Now let’s introduce variable wavelength:

[23]:
# Standard deviations for beam
sig_wav = 1e-5  # more realistic for ID11
# Standard deviations for grain position (assume isotropic in all three directions):
sig_origin = 0.0

cov_total = get_cov(sig_wav, sig_origin)

cov_det = J_total @ cov_total @ J_total.T
print('Covariance matrix in detector space:')
print(cov_det)

sig_sc, sig_fc, sig_omega = jnp.sqrt(jnp.diag(cov_det))
print('(sig_sc, sig_fc, sig_omega):')
print(sig_sc, sig_fc, sig_omega)
Covariance matrix in detector space:
[[ 2.00998452e-04 -1.99533736e-04 -2.84416309e-06]
 [-1.99533736e-04  1.98079694e-04  2.82343710e-06]
 [-2.84416309e-06  2.82343710e-06  4.02454028e-08]]
(sig_sc, sig_fc, sig_omega):
0.014177392282315614 0.01407407879855225 0.00020061256895798654
We can see that a small change in the wavelength yields a very small change in both detector pixel position and the Bragg angle.
Because we simulated a scattering vector with \(\eta = 45^\circ\), we also expect the changes in sc and fc to be equal as we change the wavelength.

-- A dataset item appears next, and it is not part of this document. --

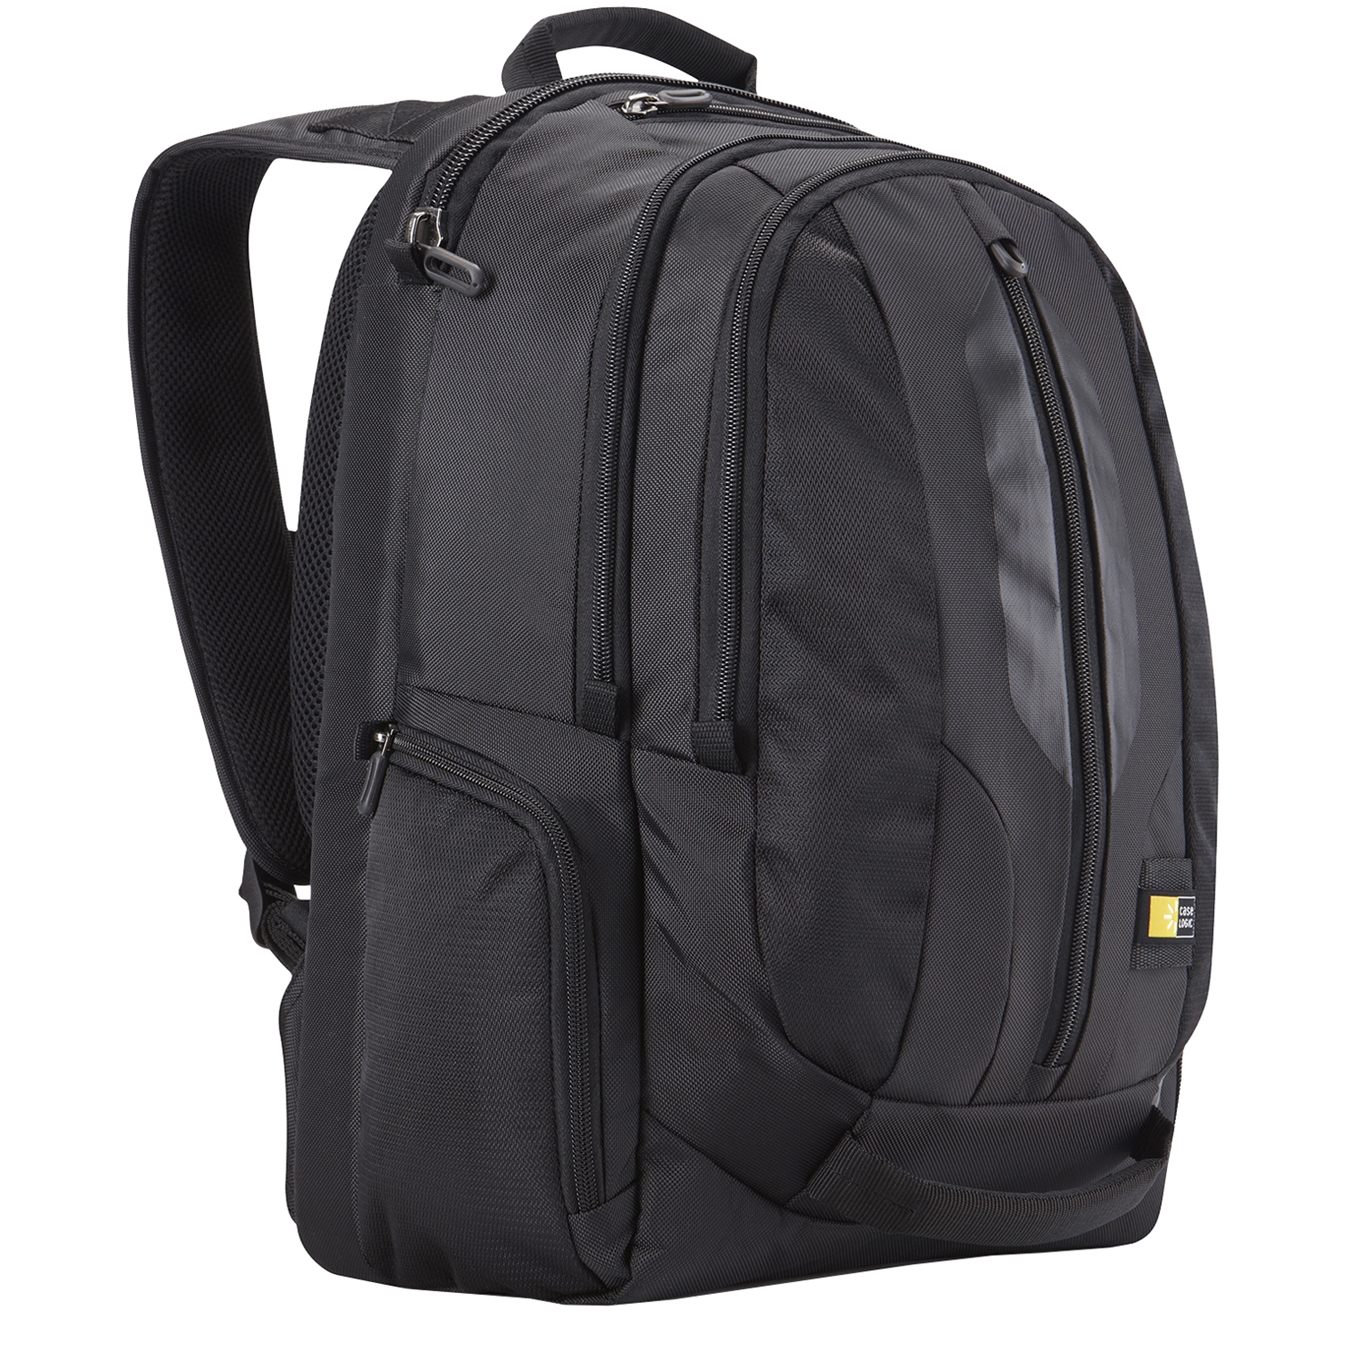 Case Logic Professional Backpack 17 inch black backpack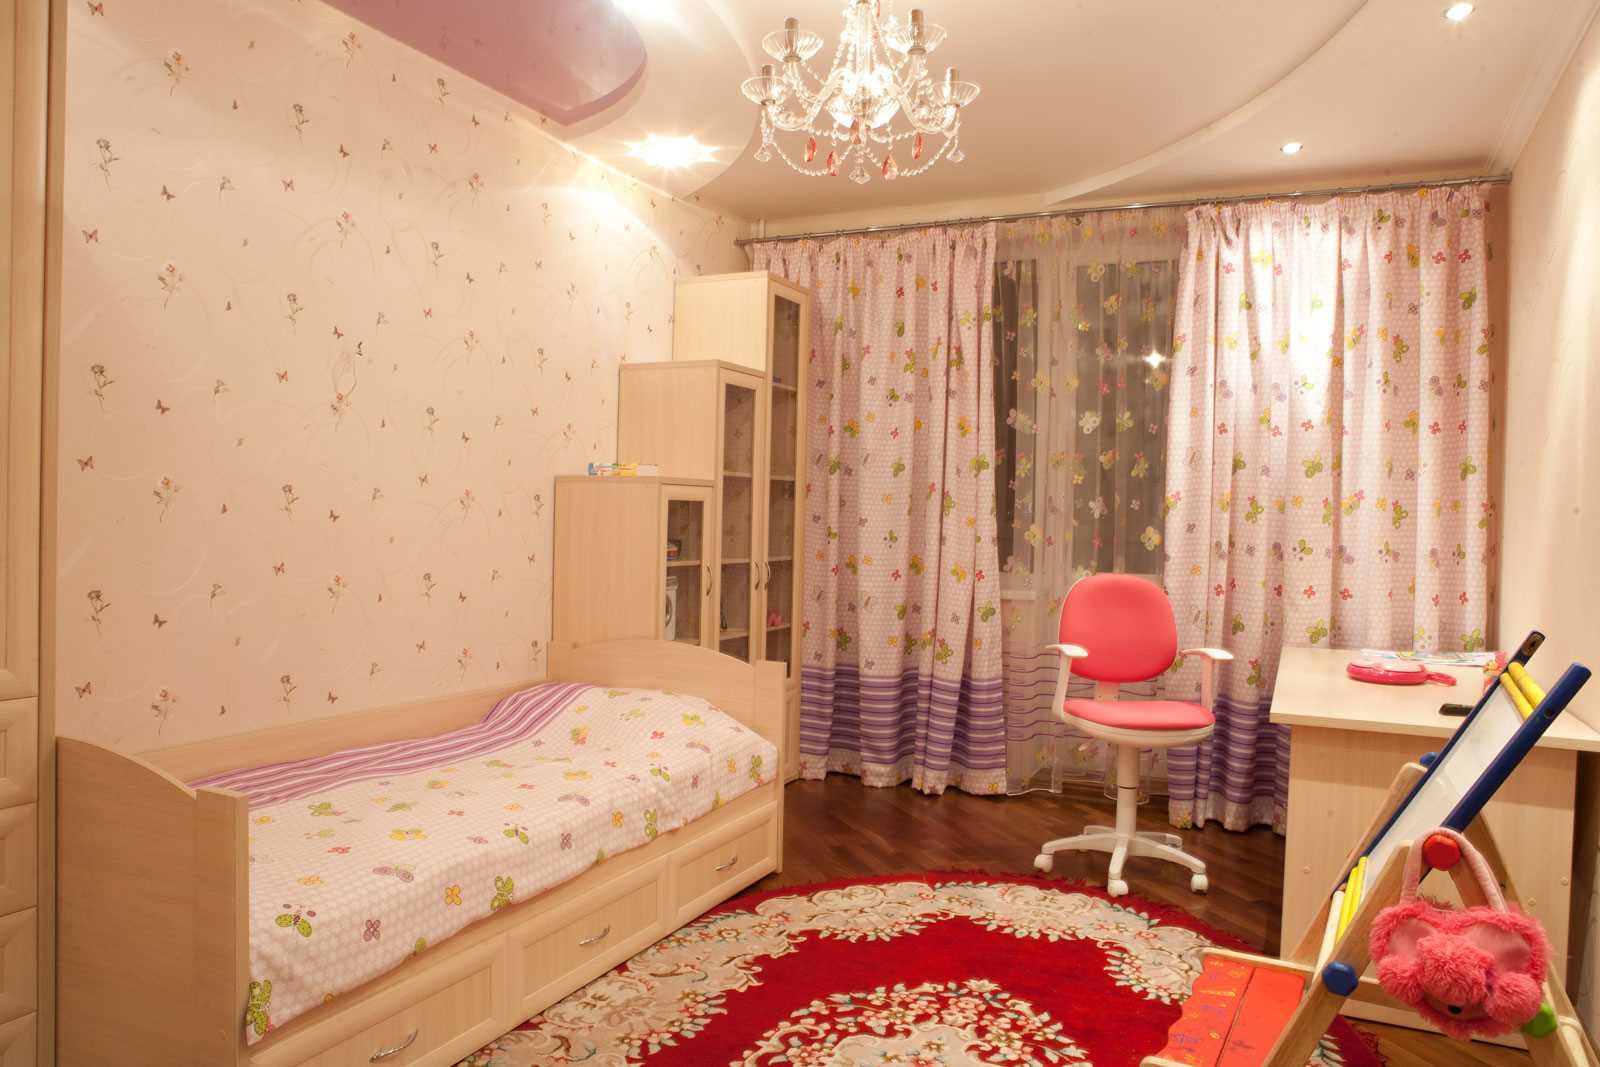 myšlenka jasného designu dětského pokoje pro dívku o velikosti 12 m2

Combining both together with more realistic numbers:
[24]:
# Standard deviations for beam
sig_wav = 1e-5  # more realistic for ID11
# Standard deviations for grain position (assume isotropic in all three directions):
sig_origin = 10.0

cov_total = get_cov(sig_wav, sig_origin)

cov_det = J_total @ cov_total @ J_total.T
print('Covariance matrix in detector space:')
print(cov_det)

sig_sc, sig_fc, sig_omega = jnp.sqrt(jnp.diag(cov_det))
print('(sig_sc, sig_fc, sig_omega):')
print(sig_sc, sig_fc, sig_omega)
Covariance matrix in detector space:
[[ 1.80663820e-02 -2.86925543e-04 -2.84416309e-06]
 [-2.86925543e-04  1.80630358e-02  2.82343710e-06]
 [-2.84416309e-06  2.82343710e-06  4.02454028e-08]]
(sig_sc, sig_fc, sig_omega):
0.1344112422737702 0.13439879385012135 0.00020061256895798654

So we can see that a variance in the wavelength of around \(10^{-5}\) and a variance in grain position of around 10 µm changes the pixel position by around 0.13 pixels with this current detector setup.